Positive Bias for Stocks

Recent buying, though hardly a stampede, has been supportive of higher prices

By Paul Cherney

Note: Paul Cherney will be on vacation Monday, Feb. 7. His column will return Tuesday, Feb. 8.

There is a positive bias in place for the S&P 500 index and the Nasdaq composite index. The buying has been supportive of higher prices, but it has not really been a stampede.

There is a positive bias in place until the markets deliver contrary information. I will be monitoring the CBOE volatility index, or VXO, as a warning that downside risk is increasing. A move higher in the VXO that forces it to close above its 10-day exponential moving average would start to raise concerns for lower equity prices.
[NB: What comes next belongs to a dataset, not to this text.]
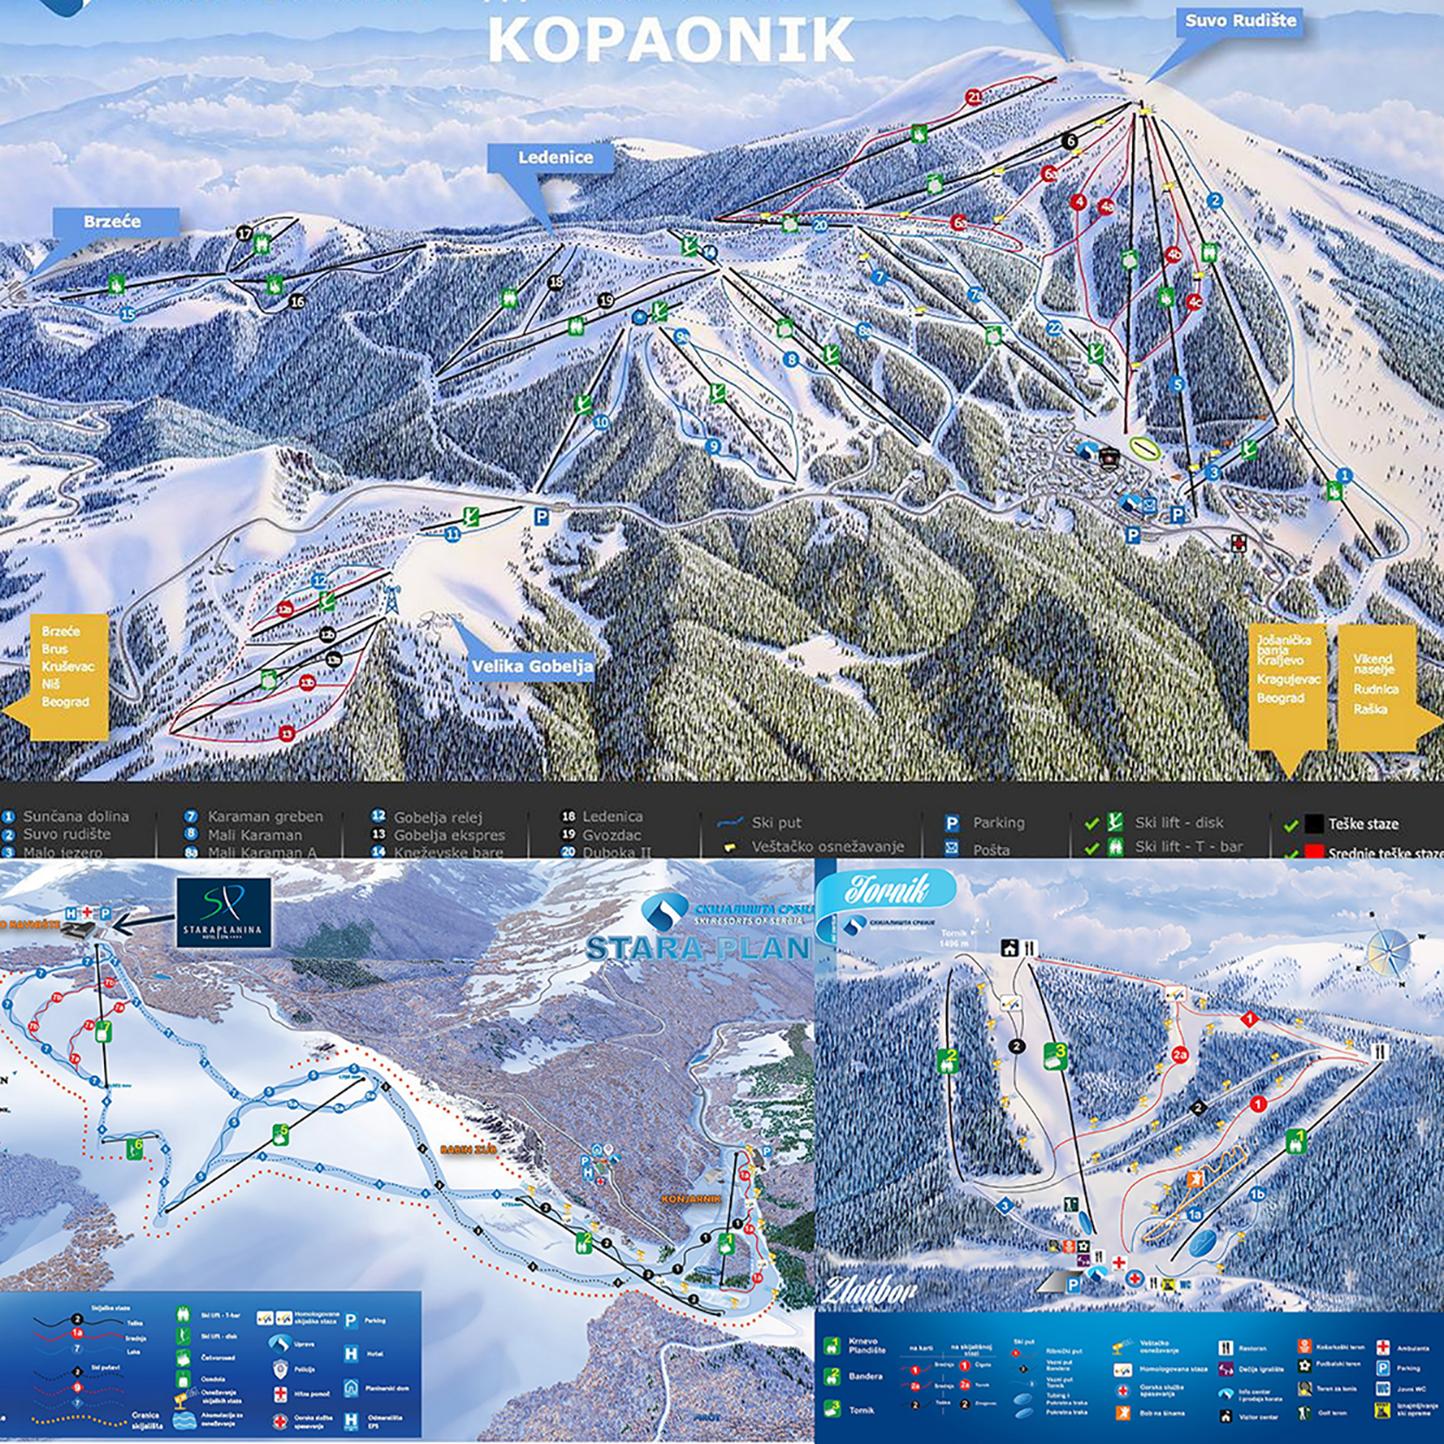 Mape ski centara Kopaonik, Stara planina i Tornik
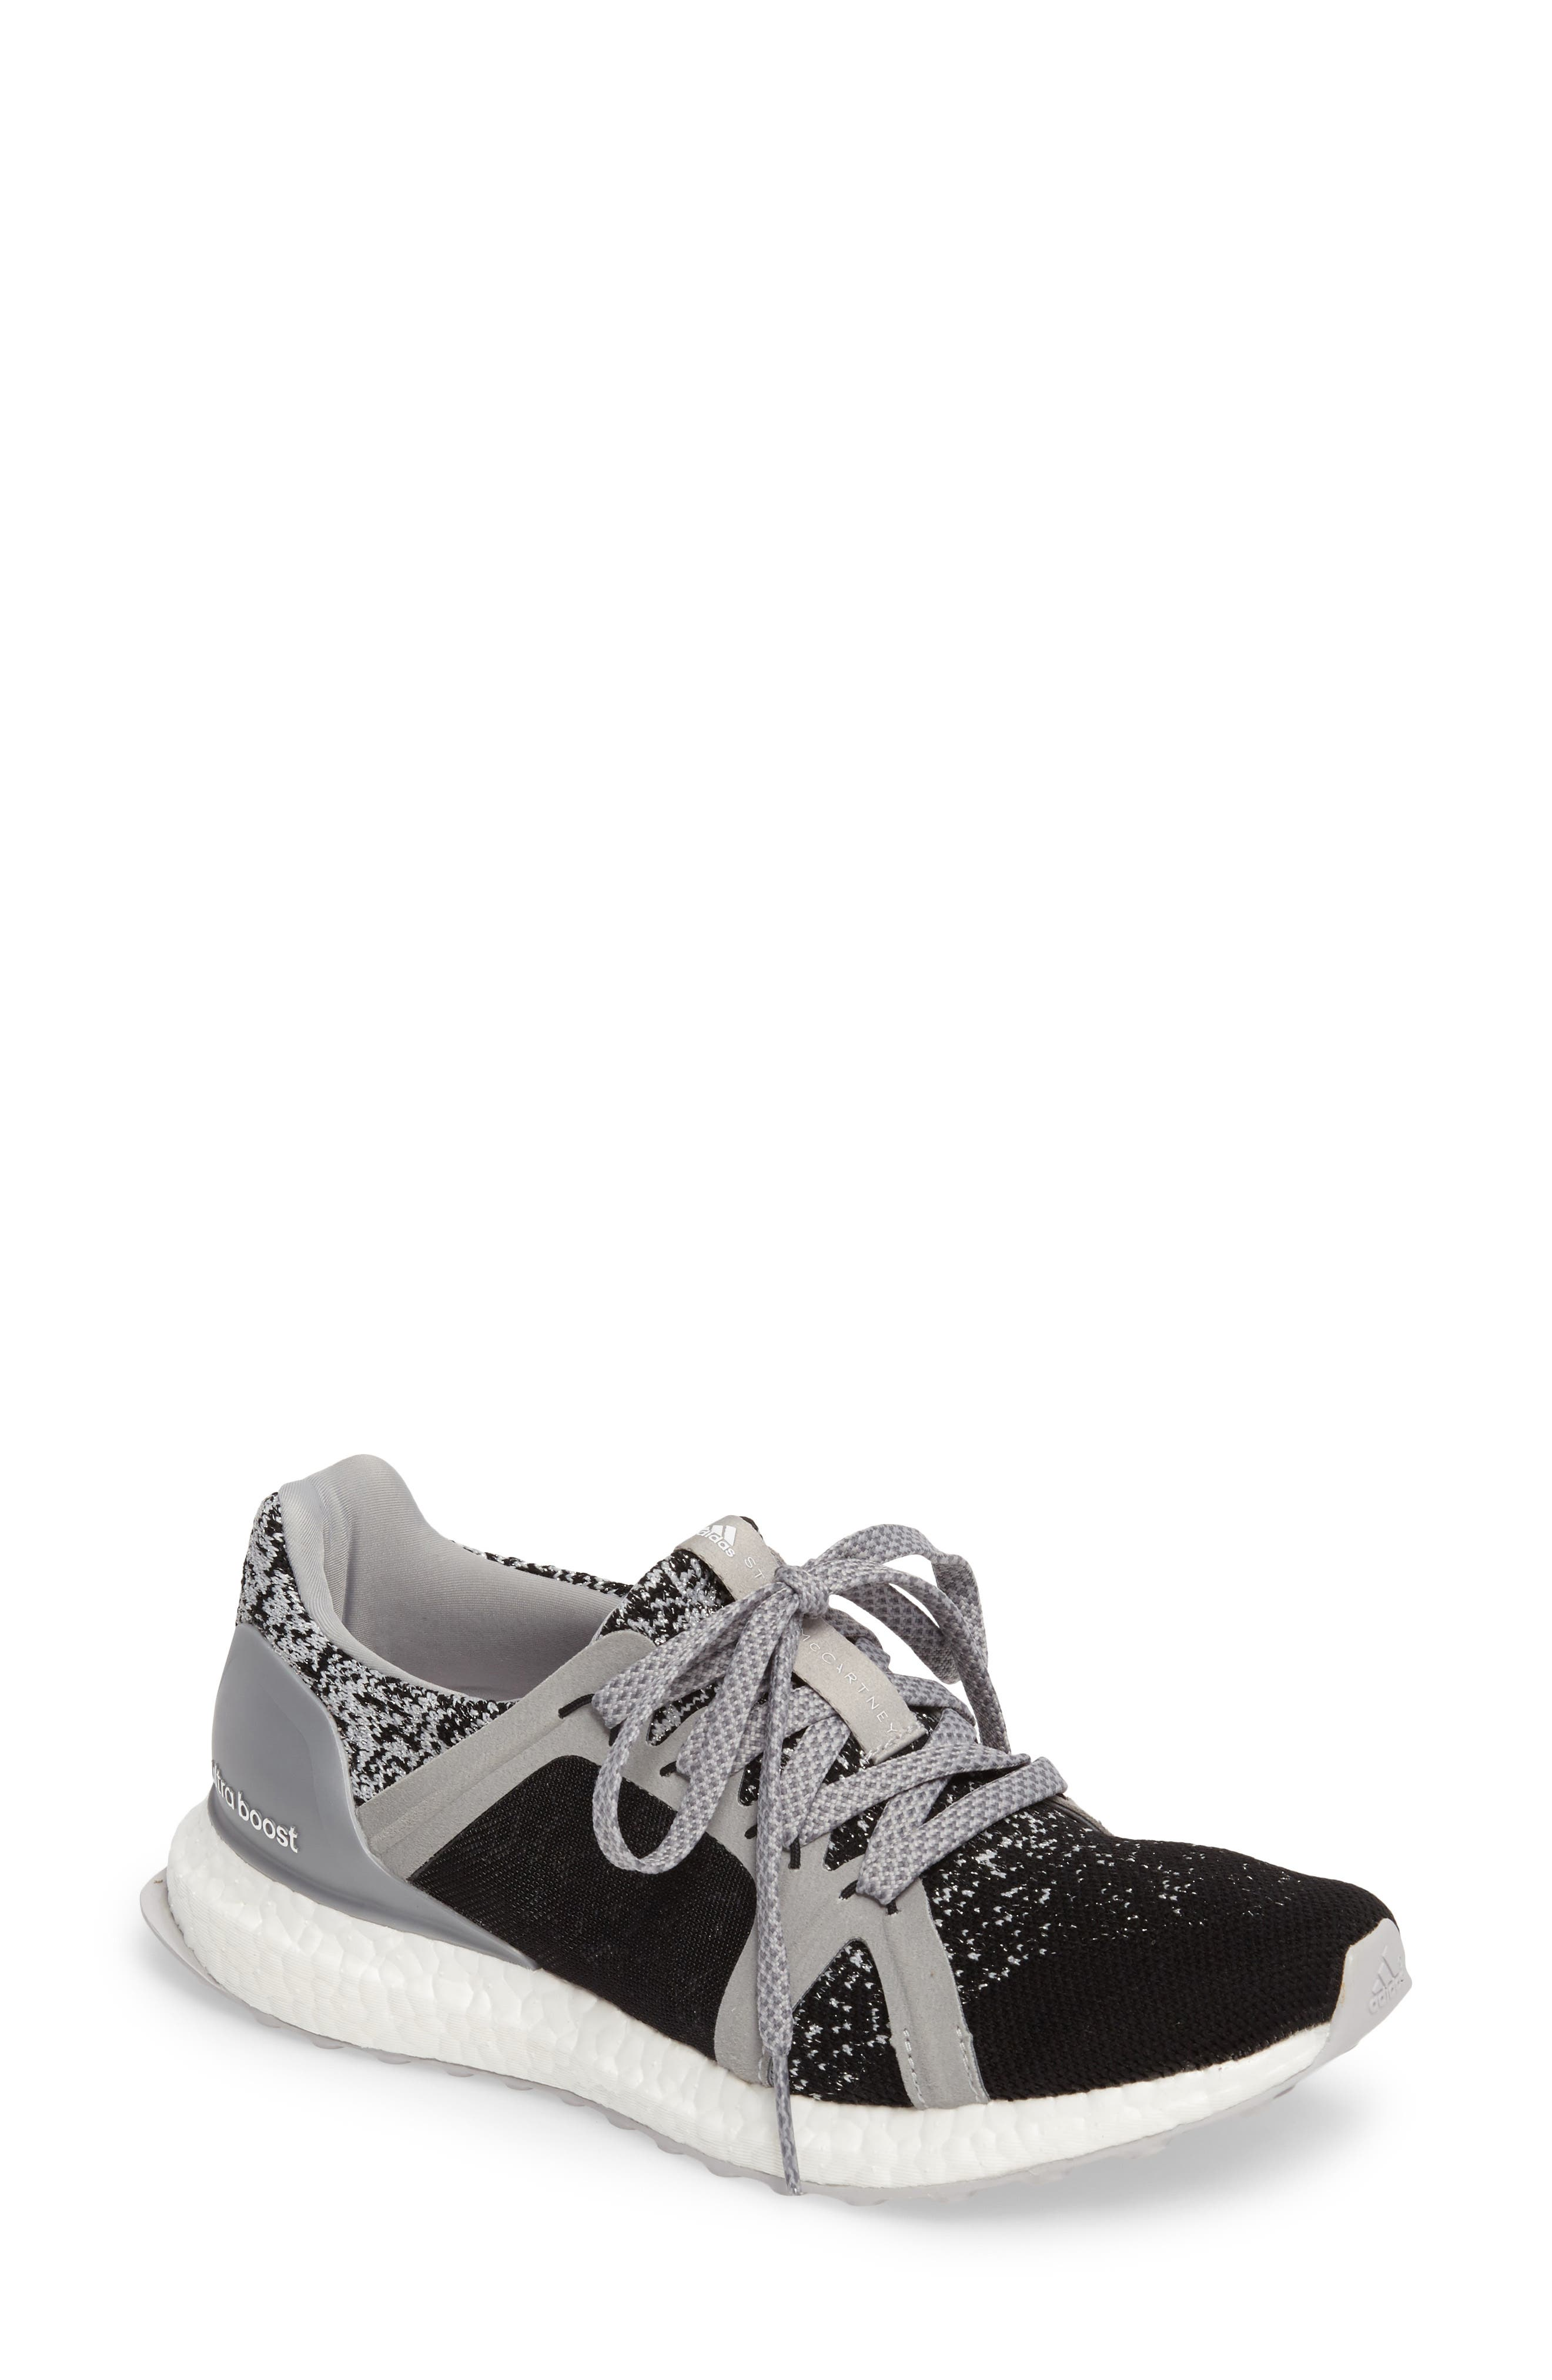 adidas \u0027UltraBoost\u0027 Running Shoe (Women)

A close in the VXO above its 30-day exponential moving average would probably coincide with aggressive selling.

Very near the close of trading on Friday, the 10-day was 12.22, the 30-day was 12.90. These averages are dropping quickly and there will be new, lower thresholds to consider every day, but until the VXO starts moving higher, or some other technical alarms are delivered by the markets, I assume that buyers are in command.

Immediate resistance for the Nasdaq is a broad band at 2,066-2,116. There are two shelves of resistance within this band: 2,074-2,094 and 2,102-2,111.43.

S&P 500 resistance is 1,205-1,226.27, with a shelf of resistance at 1,205-1,209.53 and another shelf at 1215-1226.

Immediate supports are: Basdaq, intraday 2,075-2,068, then more substantial support at 2060-2049. S&P 500 support is 1,996-1,980, with a focus of support 1,192-1,182.

Historical Fact: In the past 47 years, strength in the first half of February is very common after a down January. Based on S&P 500 data since 1958, 76% of the time, the highest intra-month close for February has occurred on or before the 11th trading day of the month (the 11th trading day this year is Feb. 15). Februaries that follow down Januaries have finished the month lower 65% of the time, so monitoring the VXO is important, because usually, when the VXO is rising, stock prices are falling.